**WHAT TO DO**
When you reach the line containing "Kunoichi Trainer [v0.11.3] main image" in the entries below, repeat it and each line after it exactly until the entries end.

**WORKING DATA**
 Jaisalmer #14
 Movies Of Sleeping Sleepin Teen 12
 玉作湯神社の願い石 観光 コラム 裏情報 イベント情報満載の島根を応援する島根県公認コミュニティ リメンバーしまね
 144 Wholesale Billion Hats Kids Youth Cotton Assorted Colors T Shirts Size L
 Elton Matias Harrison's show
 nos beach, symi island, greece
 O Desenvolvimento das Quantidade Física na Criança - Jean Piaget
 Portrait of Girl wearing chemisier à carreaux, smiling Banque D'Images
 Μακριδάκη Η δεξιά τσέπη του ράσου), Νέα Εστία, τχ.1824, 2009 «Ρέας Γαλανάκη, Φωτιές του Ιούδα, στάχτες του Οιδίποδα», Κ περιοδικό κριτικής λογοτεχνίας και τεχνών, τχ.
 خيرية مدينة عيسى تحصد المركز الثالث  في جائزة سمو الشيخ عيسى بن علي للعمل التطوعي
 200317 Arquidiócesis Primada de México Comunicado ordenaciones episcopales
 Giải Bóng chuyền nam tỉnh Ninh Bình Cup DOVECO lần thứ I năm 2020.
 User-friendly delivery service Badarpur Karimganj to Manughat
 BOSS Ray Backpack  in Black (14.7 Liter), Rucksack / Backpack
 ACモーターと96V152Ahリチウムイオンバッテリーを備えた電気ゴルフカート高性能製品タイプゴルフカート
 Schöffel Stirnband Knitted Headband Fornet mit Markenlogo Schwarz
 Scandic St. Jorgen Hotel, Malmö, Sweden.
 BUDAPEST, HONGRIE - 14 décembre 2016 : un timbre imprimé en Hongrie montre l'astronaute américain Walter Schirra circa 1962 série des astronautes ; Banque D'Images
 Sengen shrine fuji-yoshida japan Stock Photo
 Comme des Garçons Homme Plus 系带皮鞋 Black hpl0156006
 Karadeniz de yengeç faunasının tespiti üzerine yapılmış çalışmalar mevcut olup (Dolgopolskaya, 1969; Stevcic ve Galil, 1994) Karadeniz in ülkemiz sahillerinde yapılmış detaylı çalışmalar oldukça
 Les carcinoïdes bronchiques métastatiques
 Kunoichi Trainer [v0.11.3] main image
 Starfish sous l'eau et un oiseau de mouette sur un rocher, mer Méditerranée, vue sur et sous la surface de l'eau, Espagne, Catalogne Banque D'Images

**ANSWER TO THE PROBLEM**
 Kunoichi Trainer [v0.11.3] main image
 Starfish sous l'eau et un oiseau de mouette sur un rocher, mer Méditerranée, vue sur et sous la surface de l'eau, Espagne, Catalogne Banque D'Images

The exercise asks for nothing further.